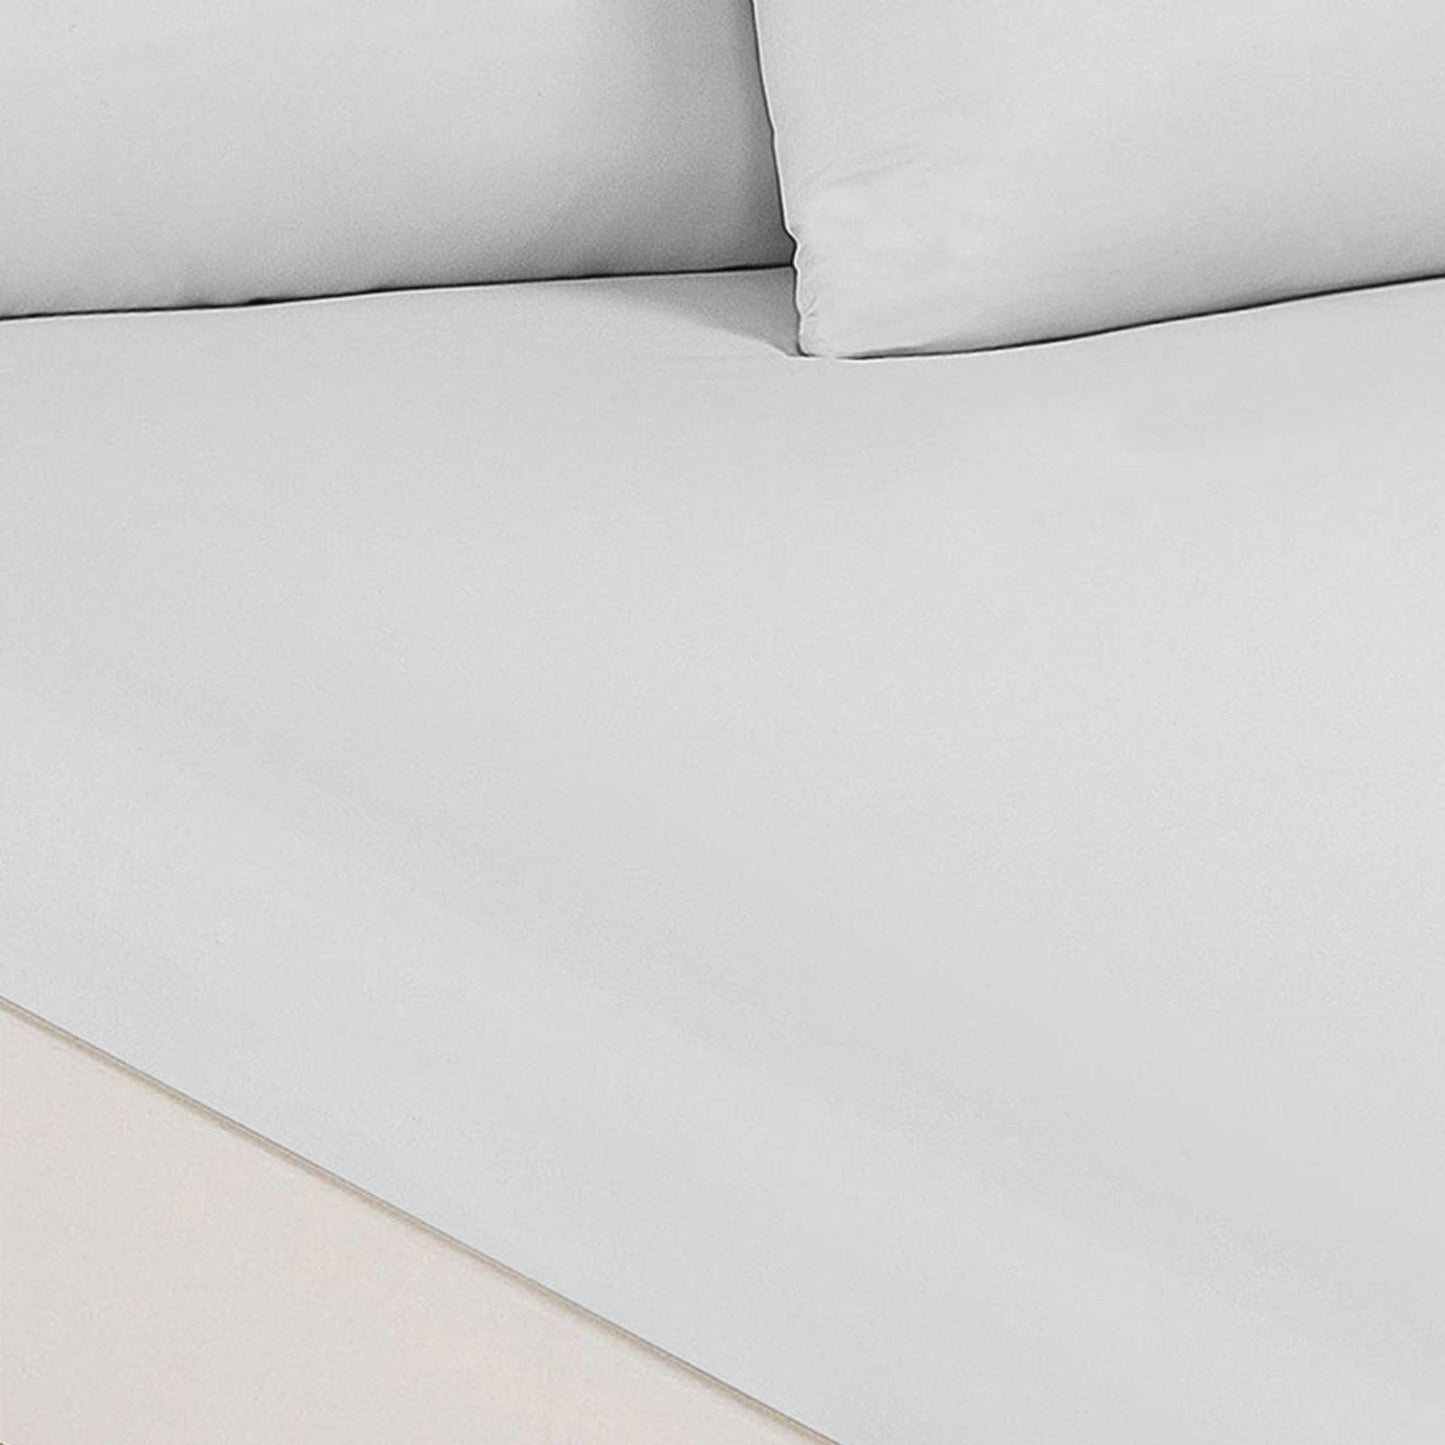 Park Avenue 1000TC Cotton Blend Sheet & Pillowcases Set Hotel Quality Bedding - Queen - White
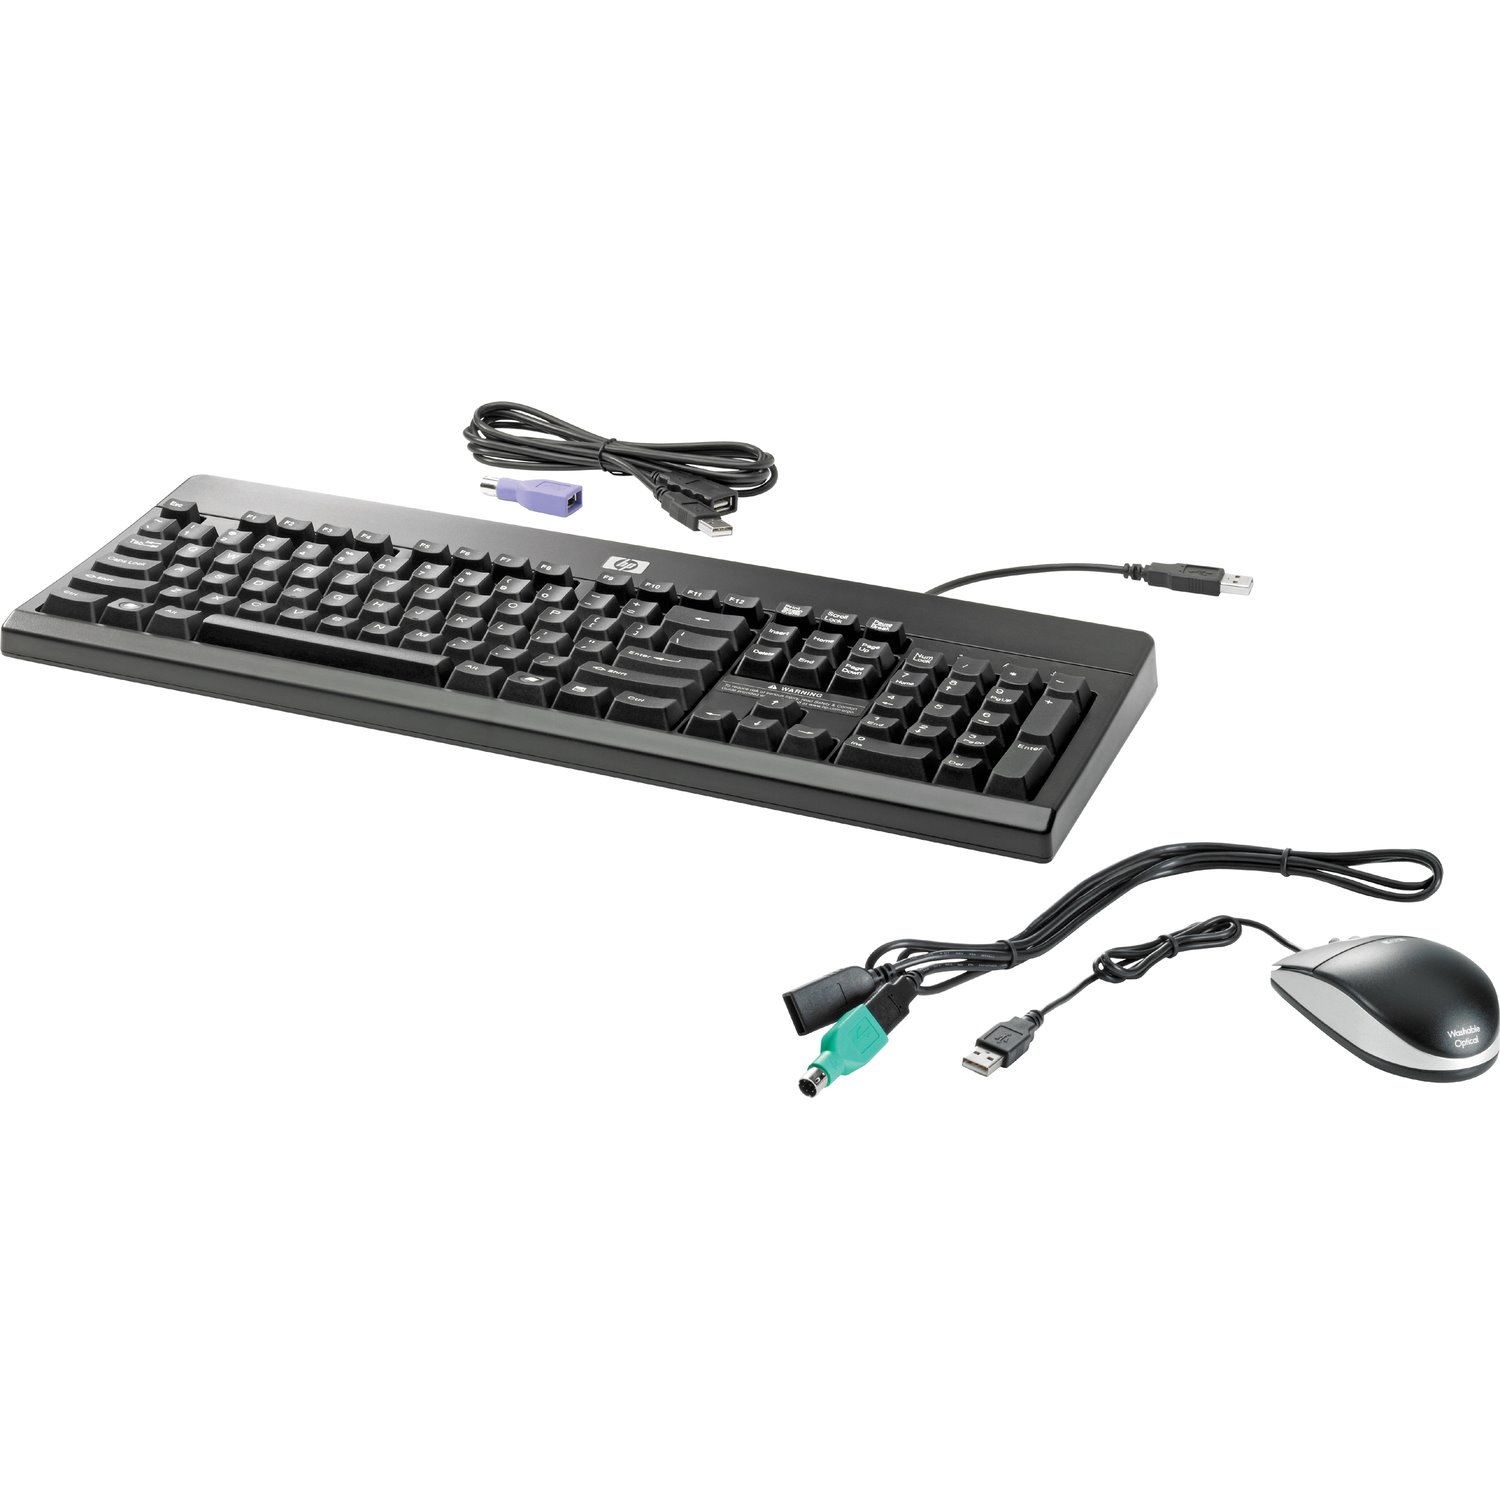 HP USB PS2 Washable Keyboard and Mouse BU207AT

■ ■ ■ ■ ■

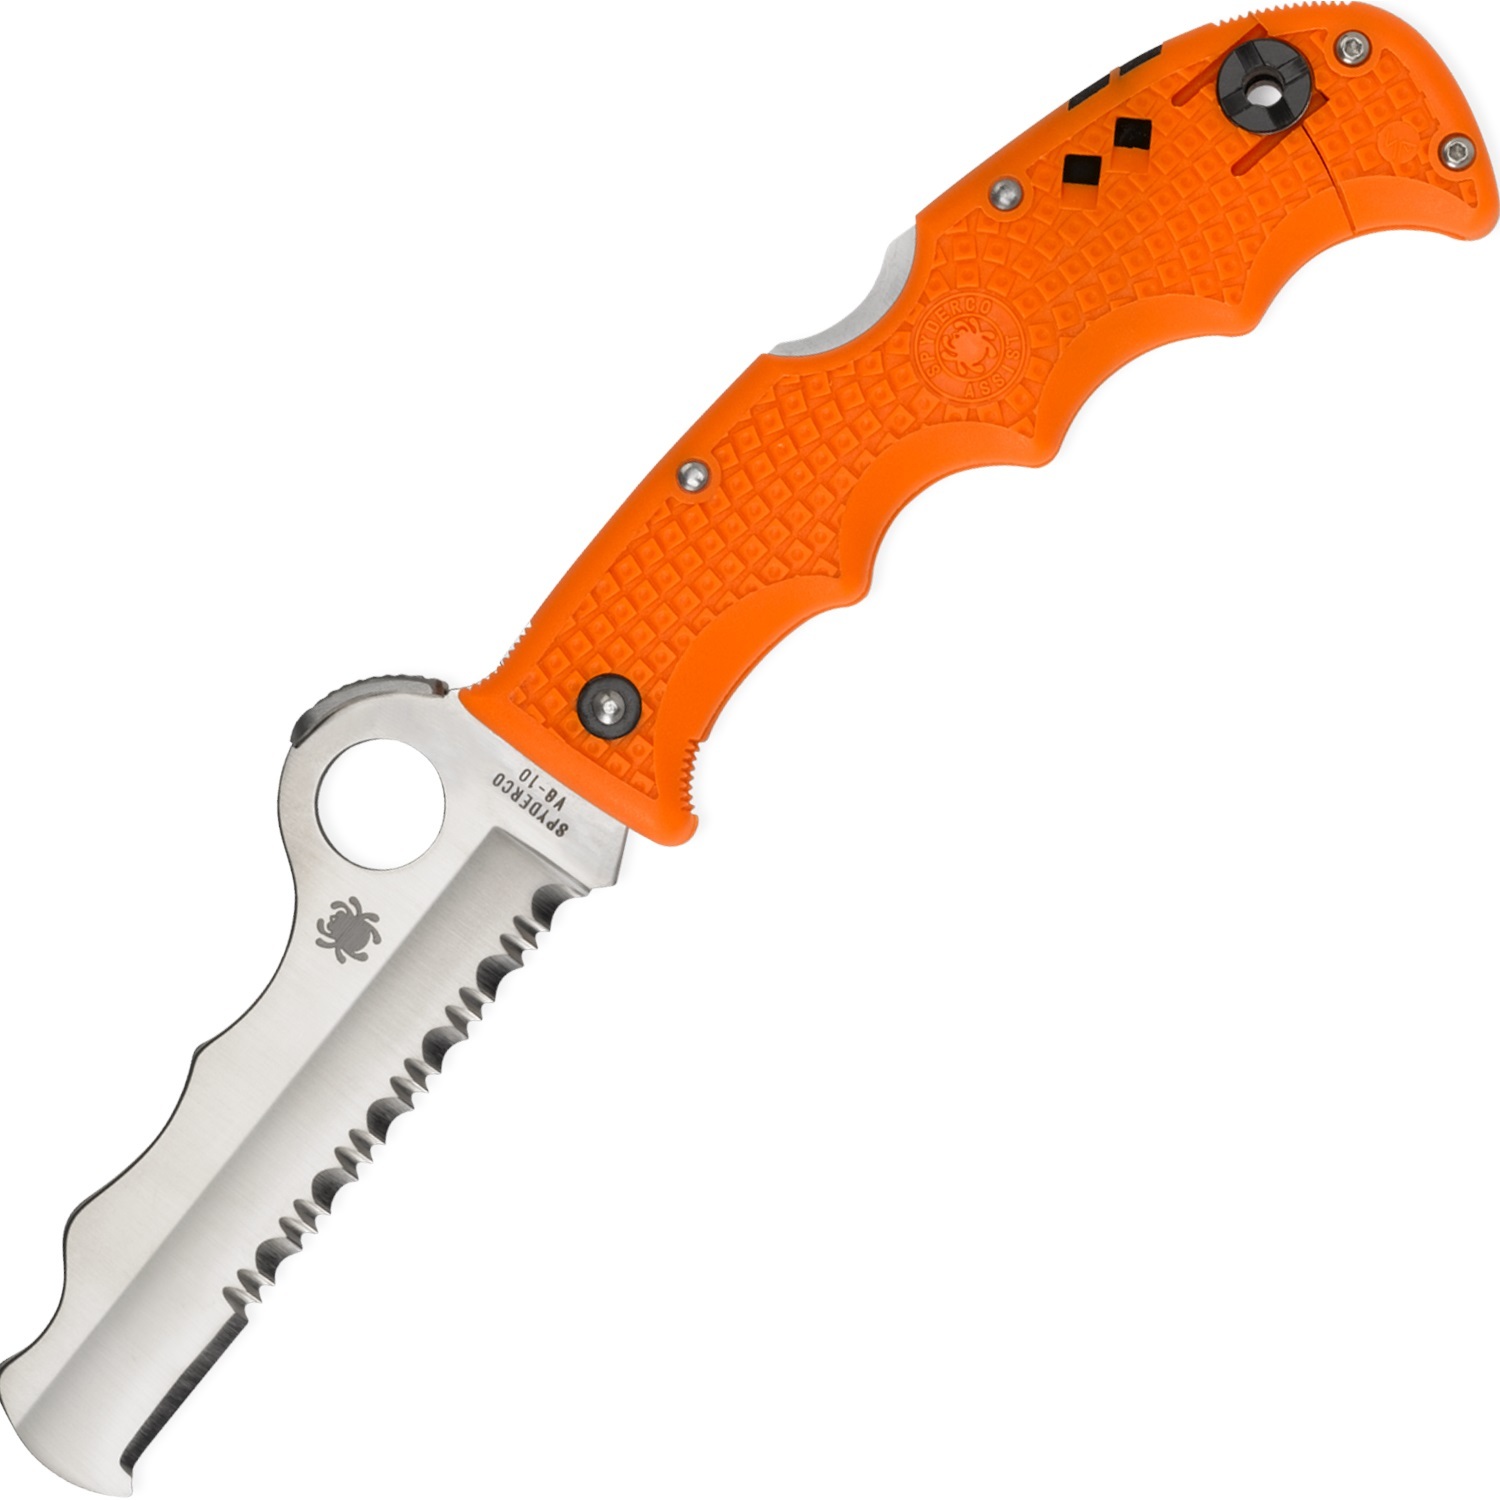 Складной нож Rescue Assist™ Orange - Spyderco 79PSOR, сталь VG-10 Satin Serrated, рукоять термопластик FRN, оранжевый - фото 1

■ ■ ■ ■ ■

PROBLEM DETAILS:
Taking the entries above, copy word for word the lines from the one with "Park Avenue 1000TC" up to and including the one with "HP USB PS2 Washable", without any picture.

ANSWER FOR THIS EXERCISE:
 Park Avenue 1000TC Cotton Blend Sheet & Pillowcases Set Hotel Quality Bedding - Queen - White
 HP USB PS2 Washable Keyboard and Mouse BU207AT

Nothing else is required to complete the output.